司徒衡摇头,“看不出他的想法,皇上只命我把闹事之人送进顺天府,再唬住甄家人,让他们不准乱说,就没别的了。”“只这点事,就让你忙到现在?”

司徒衡倒在罗汉榻上,笑得开心极了,“老三拉拢的其中一人早已暗中投靠了太子,无论老三是否办成,他都会联合御史,在小朝会上参老三一本,我是为弹压那几个御史,再去东宫向太子宣皇上口谕,才忙到这么晚的。”贾政心心疼死了,亲手帮他挽裤子泡脚,埋怨道,“凭啥出点事就折腾你一个人啊,七皇子也不在弘文馆读书了,皇上总该让他分担些你的差事吧?”司徒衡也很想知道皇上是怎么想的,“去年年底,皇上明明透露过要给老七派差事的意思,现在都三月份了,皇上也没明确说要派老七去哪里,谁知道他是怎么打算的。”

贾政早就放弃预测皇上的想法了,他上辈子就是个小警察,审问犯人还算有些经验,对国家级别的大佬别说观察了,连见都没见过。他摆手道,“管他呢,水来土掩兵来将挡,我们睡觉先,等皇上有明确指示了再说吧。”

休息一晚,次日寅时过半,可怜的打工人照旧起身进宫去。只一天工夫,羽林卫的马棚就空了,马仆像丢了魂儿似的来回晃悠,连卫胜青这些大队长都躲着他们走,生怕再惹哭几个。丁全思招手让贾政过去,等他走到身边才压低声音道,“新马送过来就好了,他们一年到头也休息不了几天,且让他们晃着去吧。”贾政同情的看着那些马仆,“我家顺风才养了不到一年,还天天惹祸,我都不敢想象它被人抢走时该有多伤心。他们尽心尽力照顾了好几年的马,突然全被牵走了,能不傻眼么。”

侯孝康提到顺风那头驴就想笑,“去年你还骑着顺风逃学呢,这才过去多长时间,就成羽林卫小队长了。”

贾政也想起刚穿越那会儿闹出来的乌龙事件,那时候一心想着谋个差事建功立业,如今差事是有了,至于能否建功,只能看皇上给不给机会了。卯时到御前当职,今天的小朝会只有兵部和五军都督府的官员,虞朝对军队的管理分为三个部分,户部管后勤,兵部管武官任免和调度,具体的军队管理和战争安排则交给五军都督府来完成。

三方相互监督掣肘,确保不会有任何一方能擅自调动军队,三个部门协同的方式在战争期间虽有些繁琐,但只要能保证朝廷对军队的绝对控制权,多做些工作也无妨的。

朝廷对东喀喇的土地垂涎已久,过去半年储备的粮草也足够支持一次小规模战争的,只待确定了出兵人数和将领,就可以奔赴战场了。西宁郡王却有不同意见,“西喀喇和回鹘一直没有消息传来,在不明确他们的意向之前,我们擅自出兵是否过于草率了?”前军右都督反驳道,“回部之人性情不定,即便与我们达成同盟,也难保他们不会临时反悔,只有我们大军压境,让他们见识到朝廷的决心和厉害,他们才能真心与我们合作。”

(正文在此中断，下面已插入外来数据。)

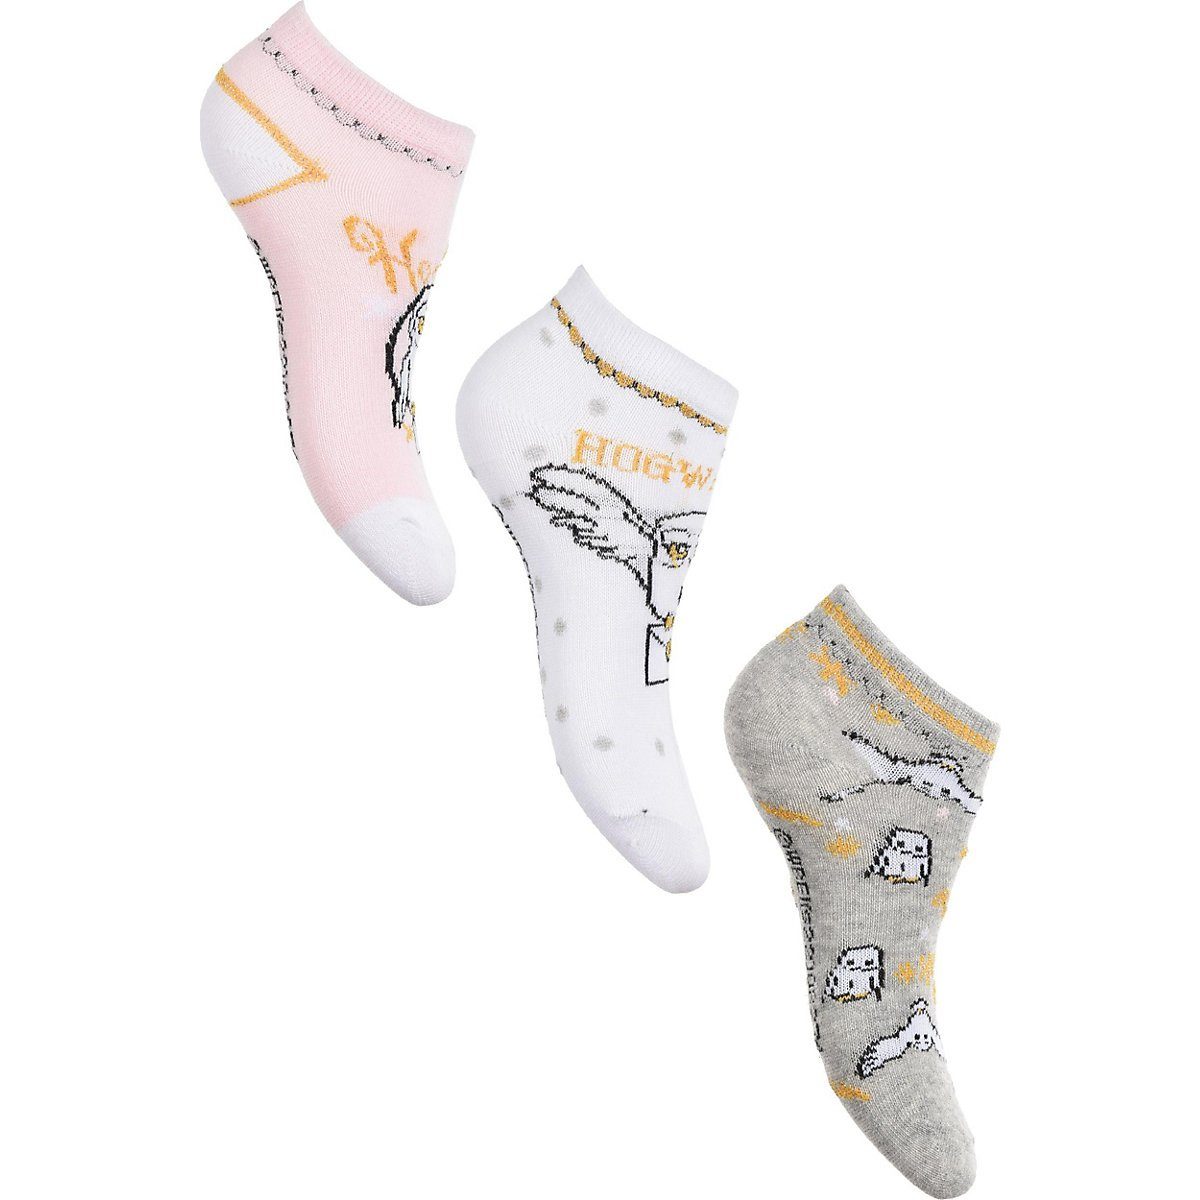 Wäsche/Bademode Socken Harry Potter Sneakersocken Harry Potter Sneakersocken für Mädchen, Zauberer

兵部尚书道,“仅凭年前传回来的消息,很难判断回部如今的局势,臣也赞同再等一等,利用这段时间磨合军队,等那边传回最近的情报再说。”其余大臣也各自发表意见,贾政今天是巡职,听不大清保和殿内的声音,他也不在意这个,反正出兵是早晚的事,他更想知道好友之中谁有机会上战场。当初就是为了打听出兵回部的事,他们才会逃学的,如今各自都有了去处,想上战场只怕有些难度吧?

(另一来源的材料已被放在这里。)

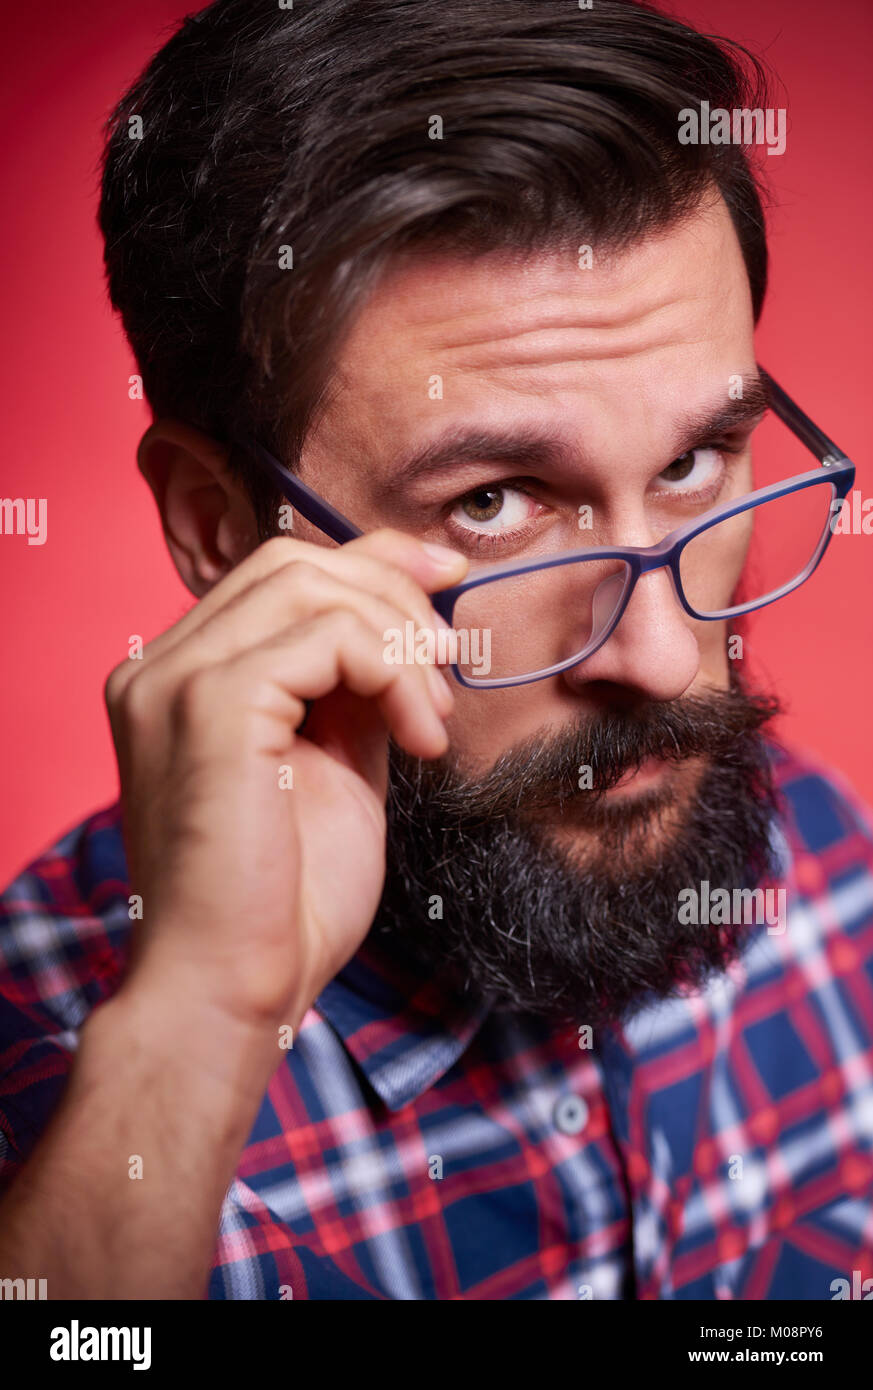 Displeased and suspicious man adjusting his eyeglasses Stock Photo - Alamy

京都城内的勋贵和官员都在关注着这件事,朝廷已经十来年没对外用过兵了,没有军功,爵位又要从哪里来呢,可不是人人都像贾政那样,出身显贵又得皇帝青眼,其余人家想要受封爵位,还得是真刀真枪拼出来。午训结束,贾政没等到老爷和司徒衡,战争机器一旦启动,兵部又开始忙起来了,御前之人不能参合进军队调动的事,他只好一个人回家去。走出侍卫处,贾政就听到大哥叫自己,回头发现敬大哥也在,他跟队友们告别后快步迎上去,笑道,“你们是怎么凑到一起的?”贾敬叹道,"殿试准备得差不多了,我们礼部终于能正常下衙了。”贾赦笑道,“我们也一样,小选淘汰的人都打发出宫了,春耕也安排好了,到时间就下衙呗。”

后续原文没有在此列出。